IMF for reducing gas system losses

14 Oct, 2016

The International Monetary Fund (IMF) has recommended to the government to reduce high Unaccounted for Gas (UfG), regularly review gas tariff notification to ensure cost recovery and strengthen the regulatory framework. This was stated in the 12th and final review under the IMF $6.64 billion Extended Fund Facility. The review acknowledges the government's efforts for improving gas supply/demand situation but stressed the need for reducing high gas system losses.

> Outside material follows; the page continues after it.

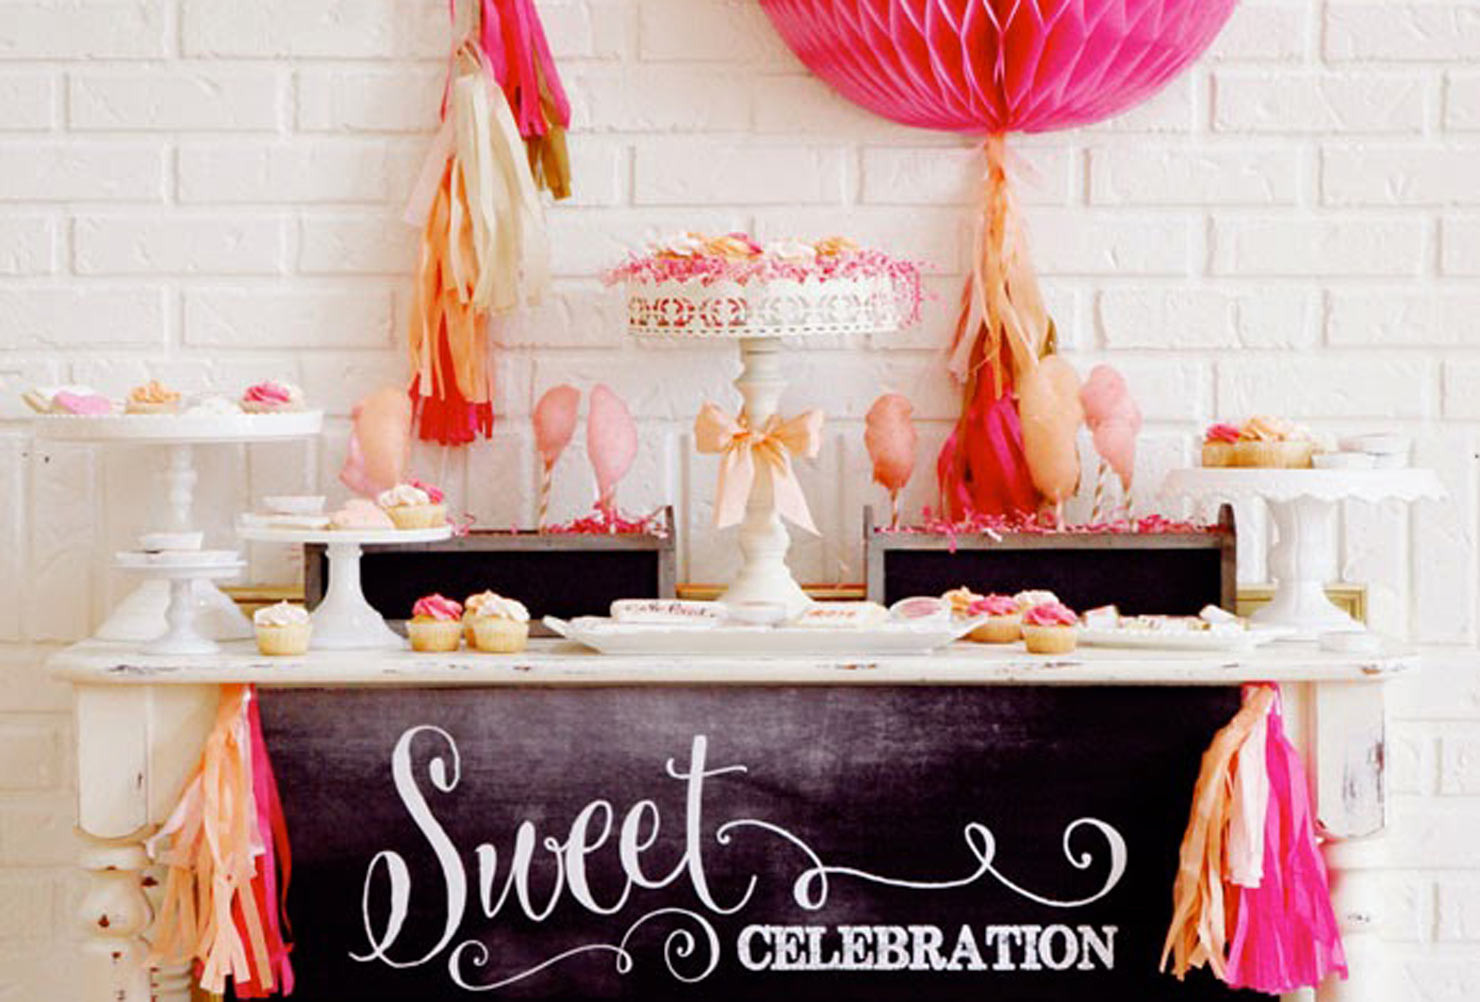 Colorful Graduation Party Ideas
 90 Graduation Party Ideas for High School & College 2019

According to the review "gas shortages were reduced through supply and demand measures. Supply was increased through better incentives to domestic producers and Liquefied Natural Gas (LNG) imports, tariffs were rationalised to bring them closer to cost recovery and strengthen demand management, the regulatory framework was improved, and legislation to tackle gas theft was strengthened....(but) efforts are needed to address the still high gas system losses." The government committed to finalise the delayed notification of the FY 2016/17 gas tariff by October 2016 and resume regular gas notification moving forward. The Fund appreciated the government's strategy to further reduce gas shortages by stepping up LNG imports while continuing to fully pass through the price of imported LNG to consumers. The final review stressed that continuing efforts to reduce still high distribution losses, including by strengthening network infrastructure and tackling gas theft, is needed to improve the sector performance and welcomed the government's plan to move ahead with restructuring and unbundling the gas sector.